3.3. Body Composition Assessment

This study uncovered significant differences in body composition among individuals with ASD and their neurotypical counterparts during different developmental stages. Notably, both young children and pre-adolescents with ASD exhibited a notably higher fat mass than the control group (p < 0.05). While fat-free mass was also higher in the ASD group compared to the control group across different age groups, these differences were not statistically significant (p > 0.05). Furthermore, a more pronounced disparity was observed in total body fat percentage, with ASD-diagnosed young children and pre-adolescents displaying a significantly elevated percentage compared to the control group (p < 0.05).
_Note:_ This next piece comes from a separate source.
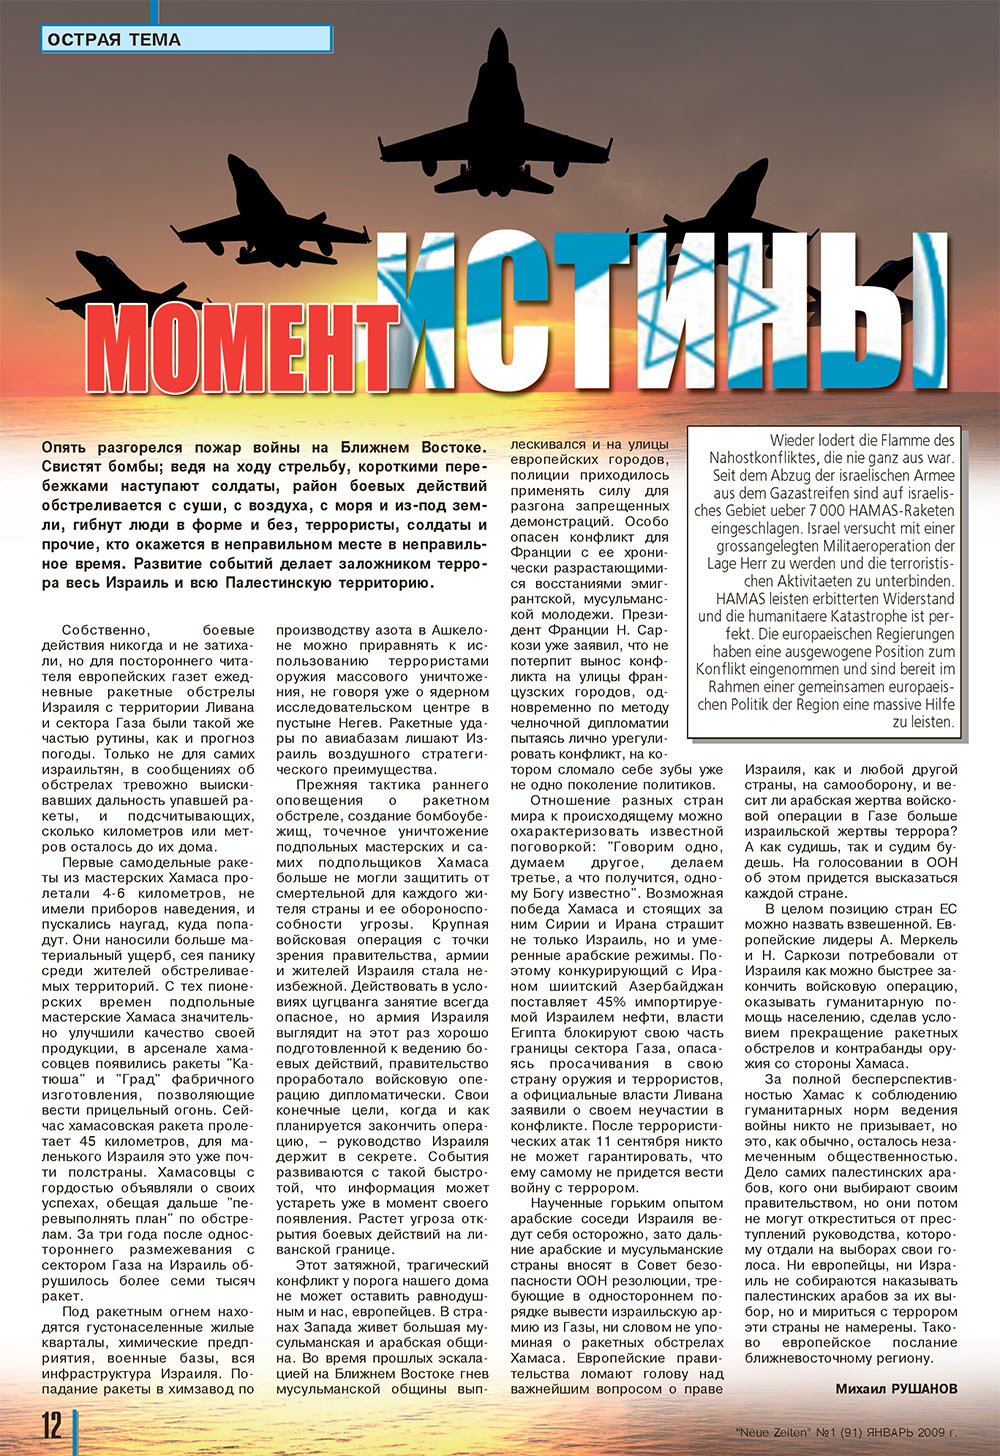 Neue Zeiten (журнал). 2009 год, номер 1, стр. 12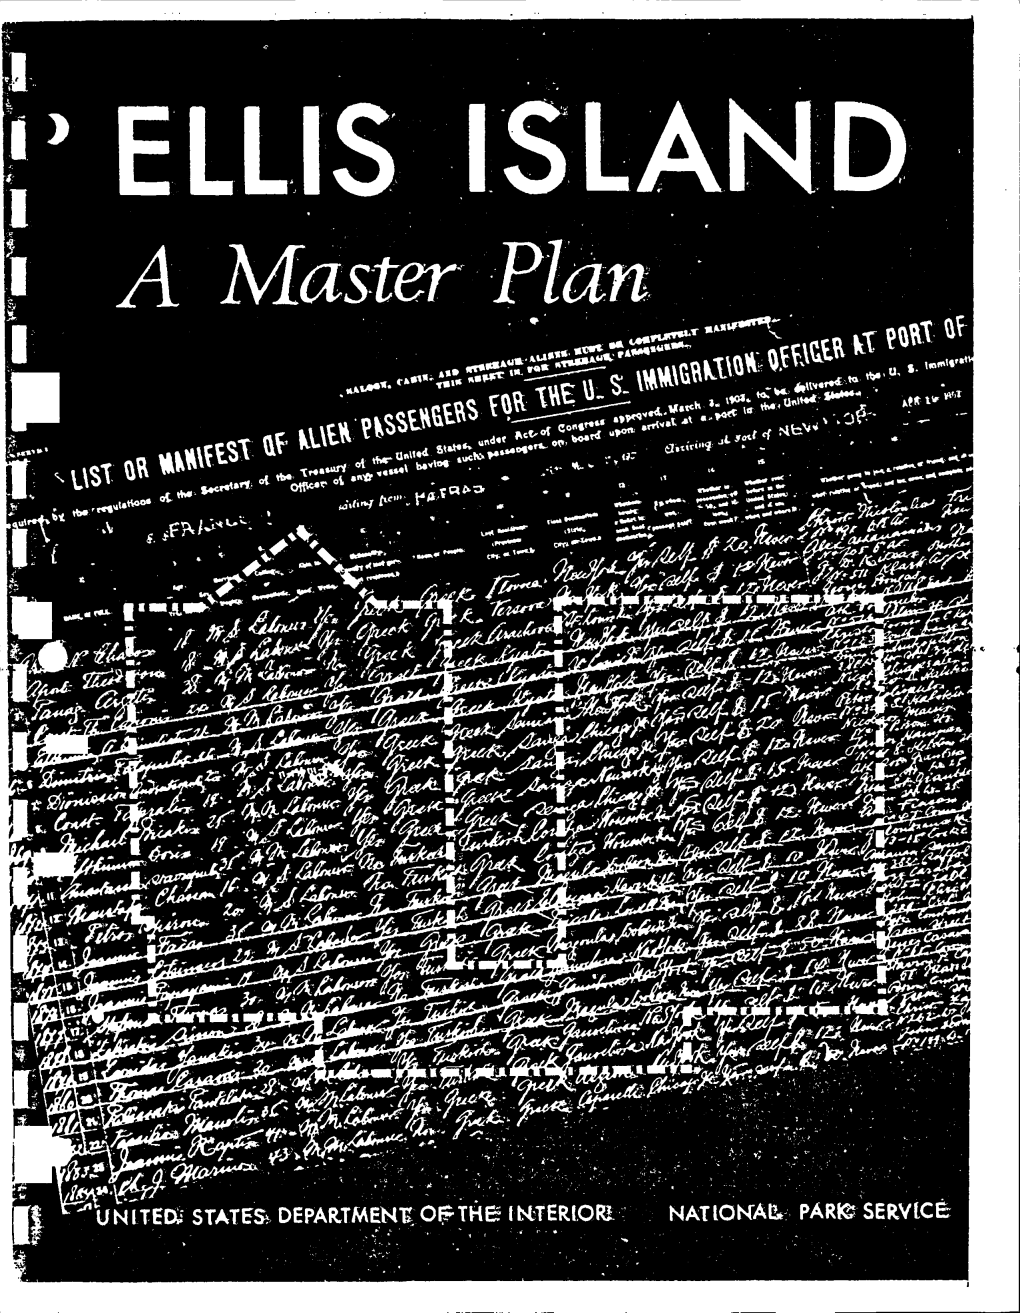 A Master Plan for Ellis Island, New York

Conversely, when analyzing adolescents, the differences in FM, FFM, and BPF between the ASD group and controls were not statistically significant. These results suggest that individuals with ASD are more likely to have a higher proportion of body fat during childhood and pre-adolescence, indicating distinct differences in body composition between the two groups. Detailed results from the bioelectrical impedance analysis performed on the participants are included in Table 4.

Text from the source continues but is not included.